# The New Human Rights Movement



## A New Name (Apr 7, 2017)

http://www.thenewhumanrightsmovement.com/why-this-book/
In this page you can find an introduction to a book which tries to change the world, (Hold your eye rolls) or, as I'd like to say, yet another spark.
The introduction gives a small entry into an explanation of the problems of the world as part of a structural problem resulting from economic mass competition, or capitalism.

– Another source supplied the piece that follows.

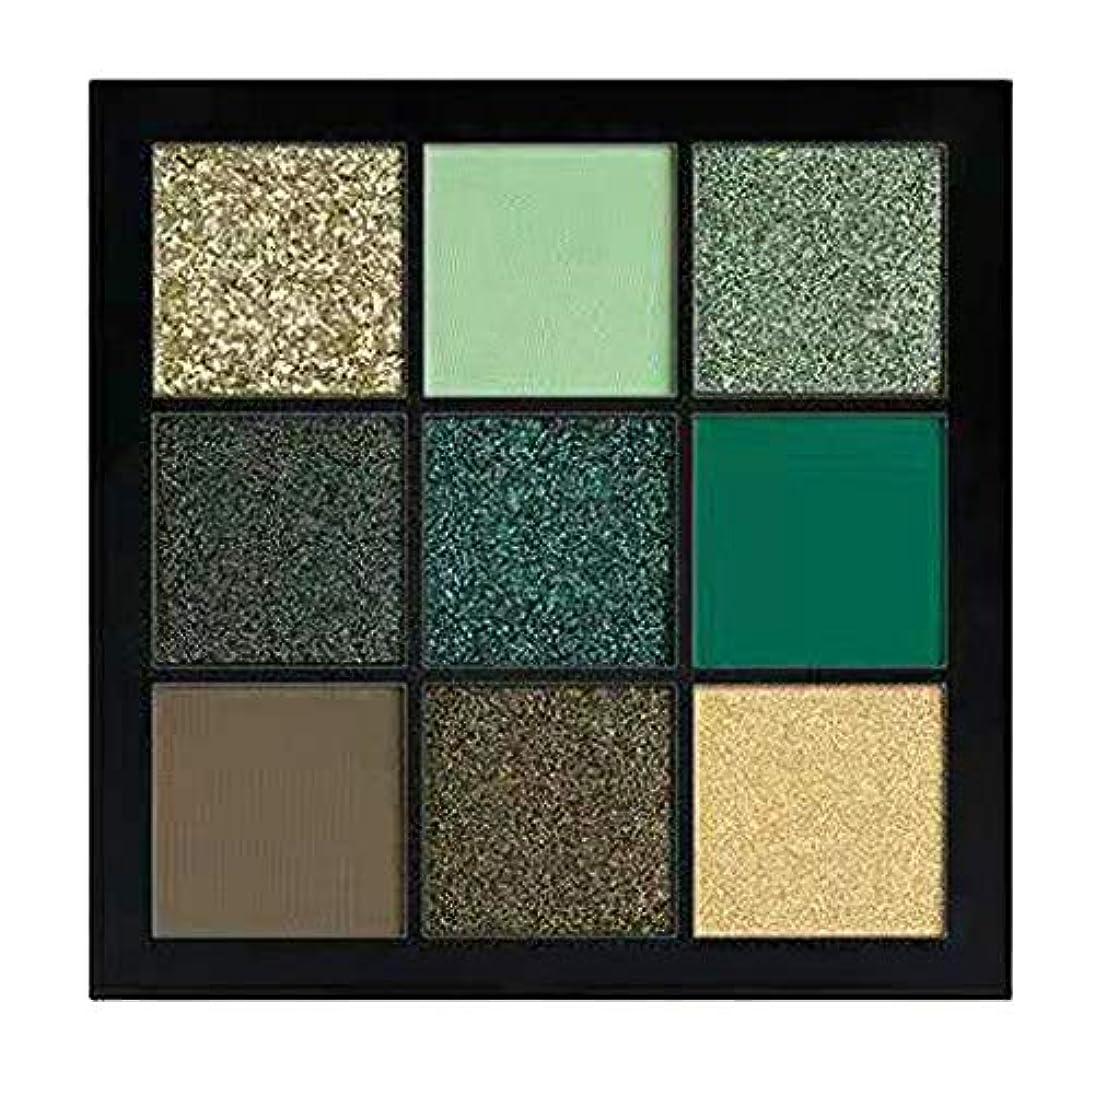 GOOD lask 9色ダイヤモンドブライトアイシャドートレイ、化粧品マットアイシャドウクリームメイクアップパレットシマーセット 化粧マットアイシャドー化粧パレットフラッシュセット持ち運びが簡単 (E)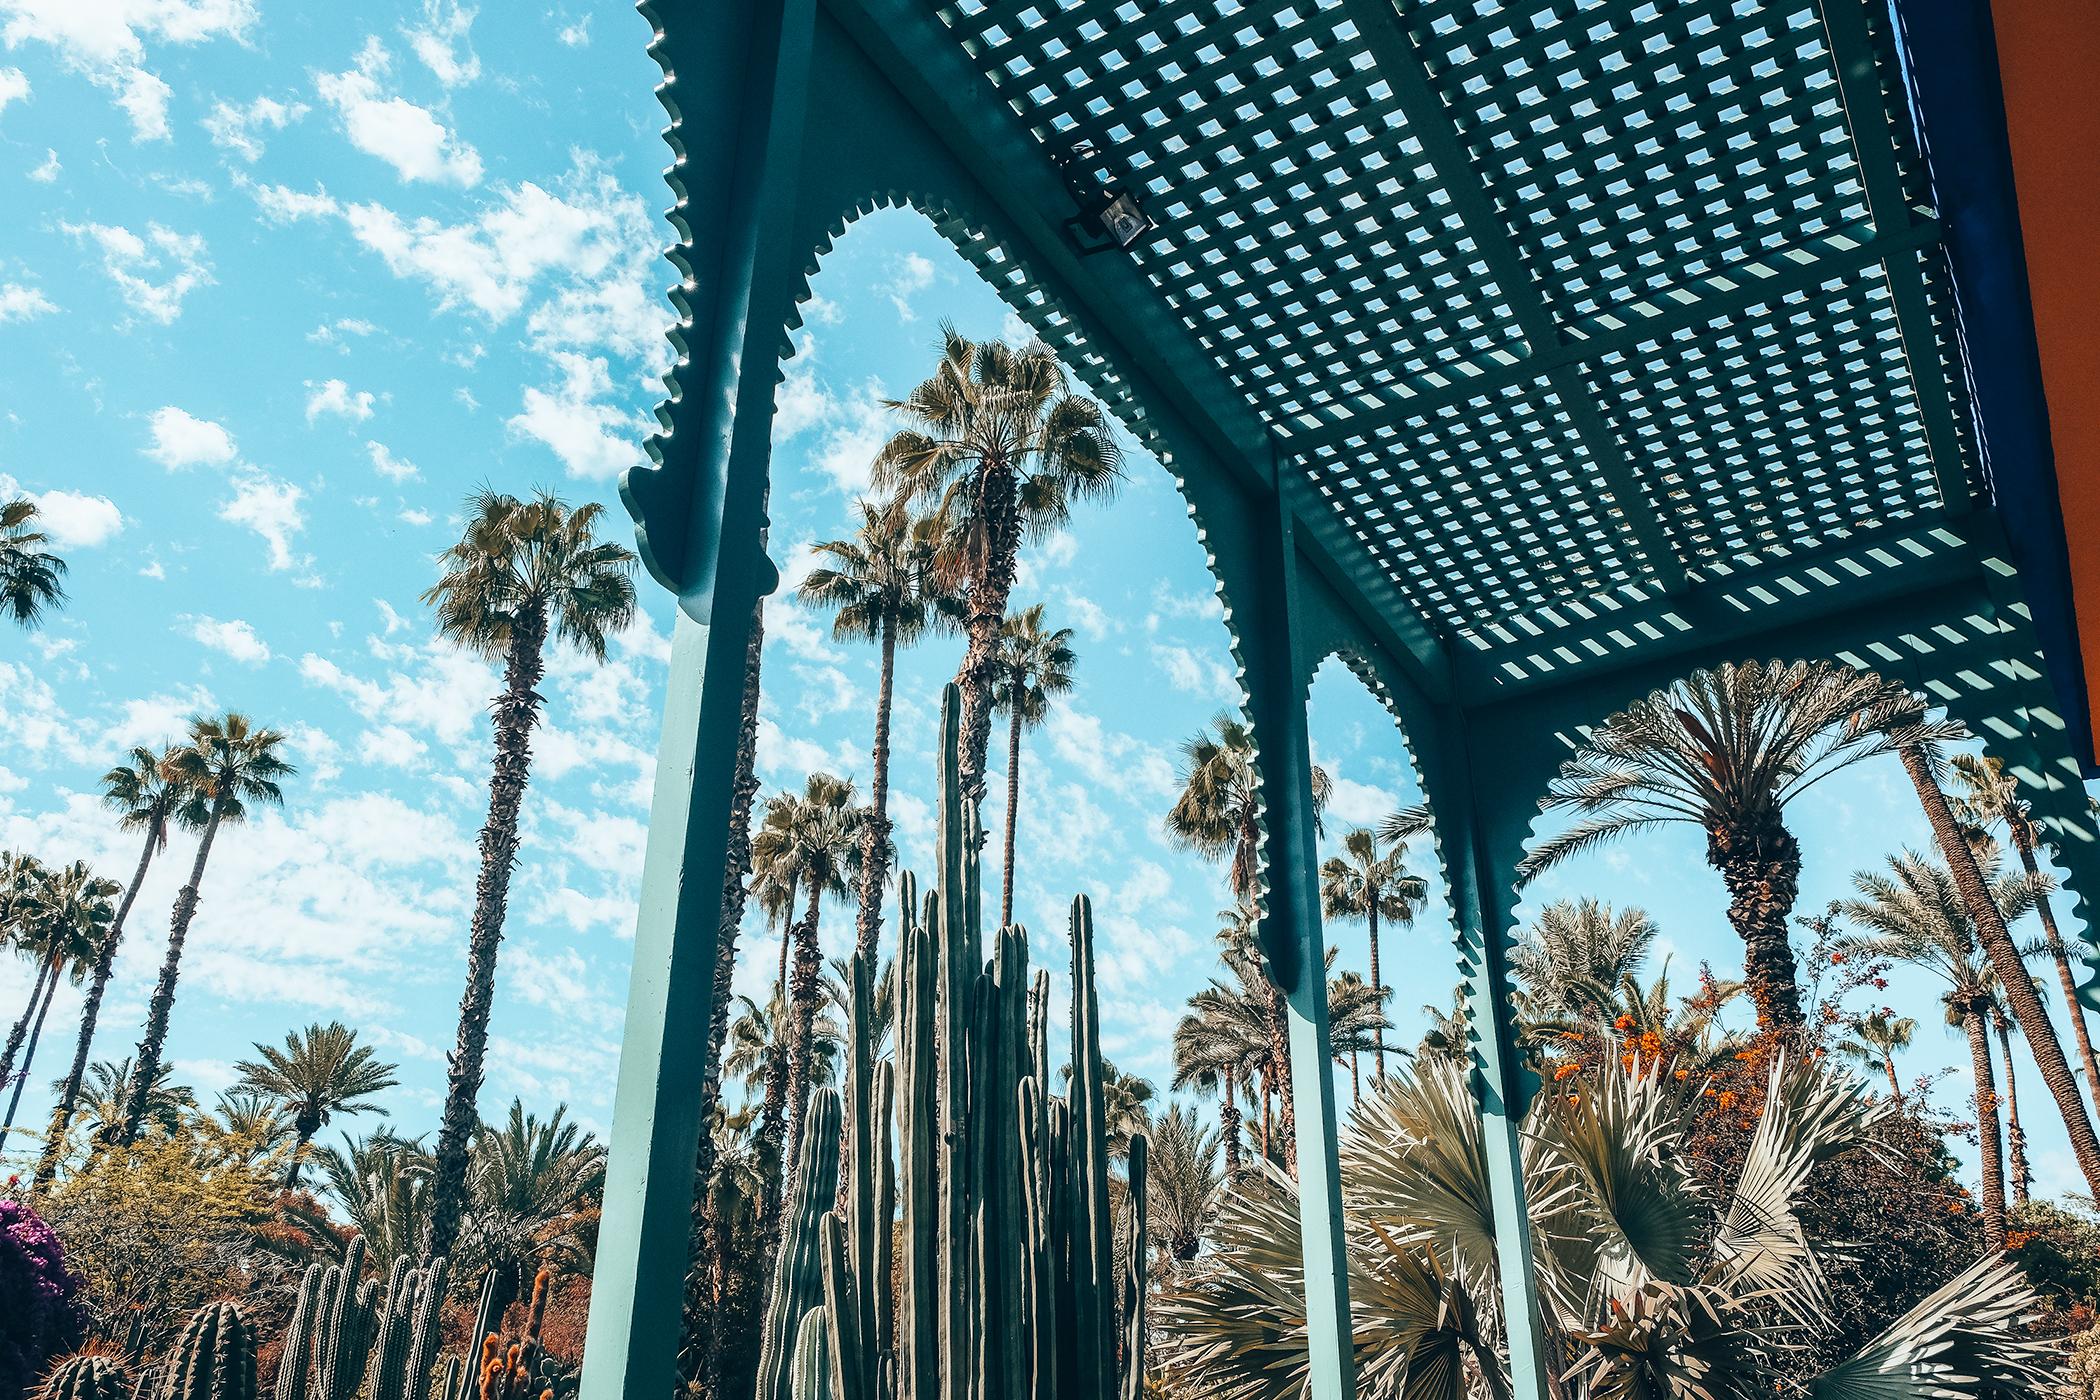 Le jardin majorelle l 39 incontournable de marrakech for Jardin yves saint laurent marrakech

And no, I am in no way affiliated with the publisher. Or the author.


----------



## Deleted member 125 (Apr 7, 2017)

so another spammy post from you?


----------



## Tude (Apr 7, 2017)

Perhaps an introduction would be better that - HEY - I read this book and it has some great information that pertains to the politics and anarchism forum that I thought was informative. <give a few details more> etc. I mean I get stuff in work email, home email all sort - and I weed them out and delete but if you have something substantial - tell us with more detail  Thanks


----------



## A New Name (Apr 8, 2017)

But I did give an introduction... Which being made to another introduction and on a phone seems to be enough effort. @Tude
And that is just disrespectful. @cantcureherpes


----------



## Hillbilly Castro (Apr 8, 2017)

"Rights" suck. The only right is force. If someone is jacking your shit, and you say "wait, stop, that's my _property_!" it won't do much. If someone is jacking your shit and you've got a big crew with guns, it will do a lot. I don't advocate this per se, but it does illustrate how rights are basically wizardry that, when times are tough, no motherfucker is gonna fall for.


----------



## A New Name (Apr 8, 2017)

It's not about rights in that sense.


----------



## Desperado Deluxe (Apr 8, 2017)

Why not try giving a brief summary and some of its points to provide material for discussion?


----------